春爛漫の季節を思う存分満喫する方法としてドライブは最適だ。そんなドライブをともにしたいクルマを本誌連載「NAVIGOETHE」より紹介する。※GOETHE2021年12月号、2022年2月号、4月号掲載記事を再編
ボローニャの“軌跡”が紡ぐハイブリッド第1弾
マセラティ初のハイブリッド車、ギブリ ハイブリッドに乗る興奮は、ただ速くて格好のいい高級車に乗ることだけではない。このクルマに乗ることは、“マセラティ物語”の登場人物のひとりになるということ。実際、マセラティオーナーの人生は、波瀾万丈、紆余曲折、「降る日もあれば照る日もあるさ」という、このブランドのヘリテージやイタリアの文化と親和性の高い風流な方が多い。

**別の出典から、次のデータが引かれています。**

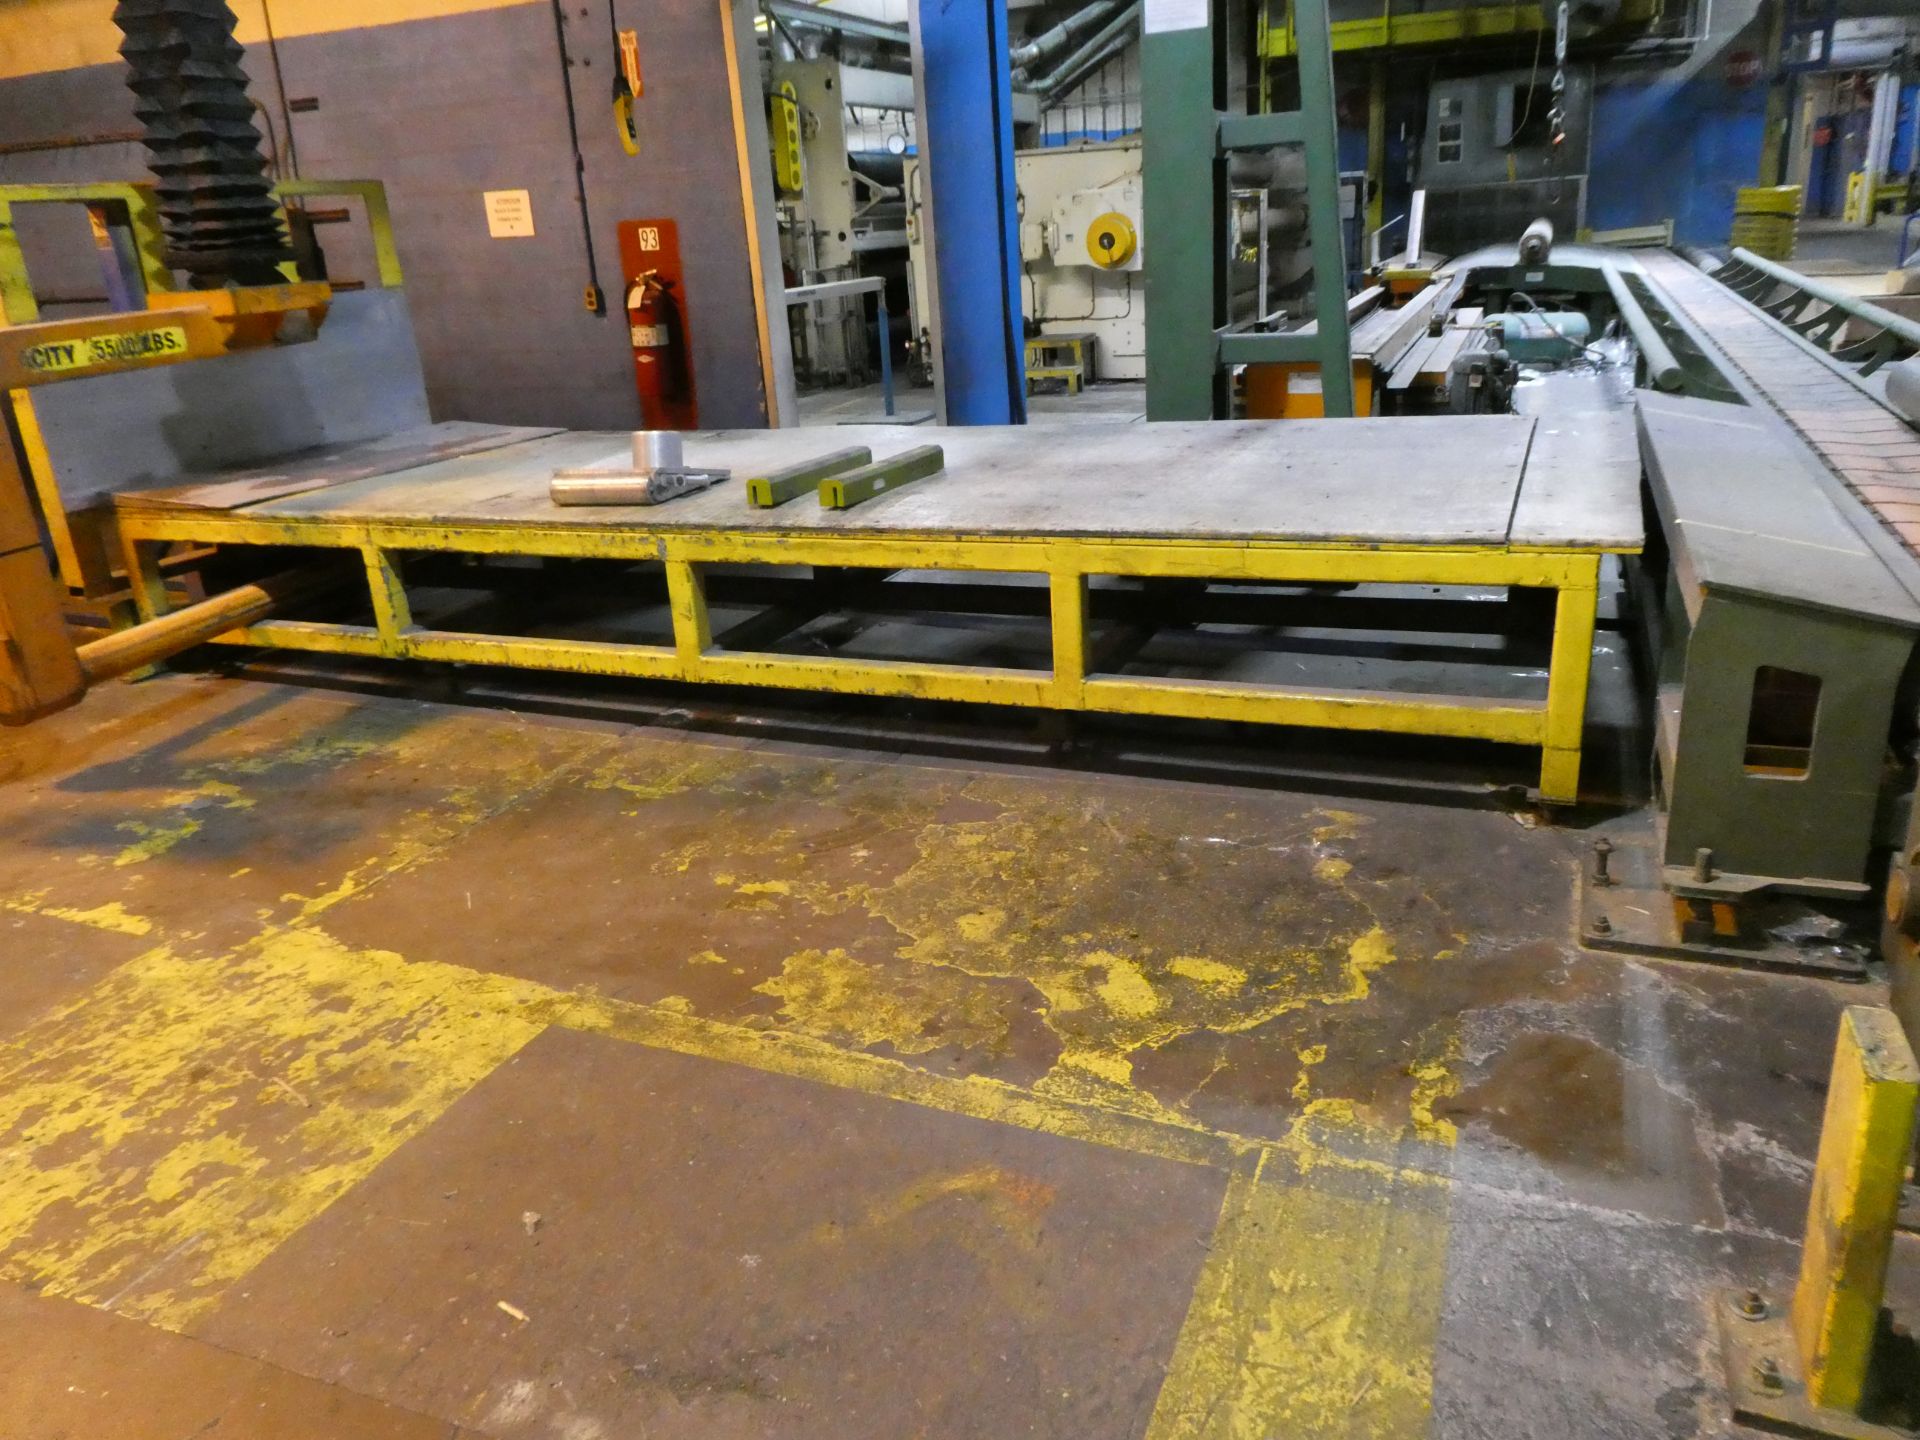 Automatic Handling Roll Handling System - Image 9 of 9

起業家やエグゼクティブの多くは、これまでのマセラティ物語を知れば、まるで自分自身の人生であるかのように感情移入するのではないかと想像する。もしイタリアの国営放送に大河ドラマがあったらマセラティを題材にするはずだ。タイトルは『ボローニャの軌跡』でどうだろうか。ちょっとダサいか……。
ドラマの最初の山場は第二次大戦直前だ。マセラティ家の3兄弟が始めた家族経営のレーシングチームは、イタリアの国威発揚のために国家がサポートするドイツ勢と戦う。このあたりは、『下町ロケット』的な展開だ。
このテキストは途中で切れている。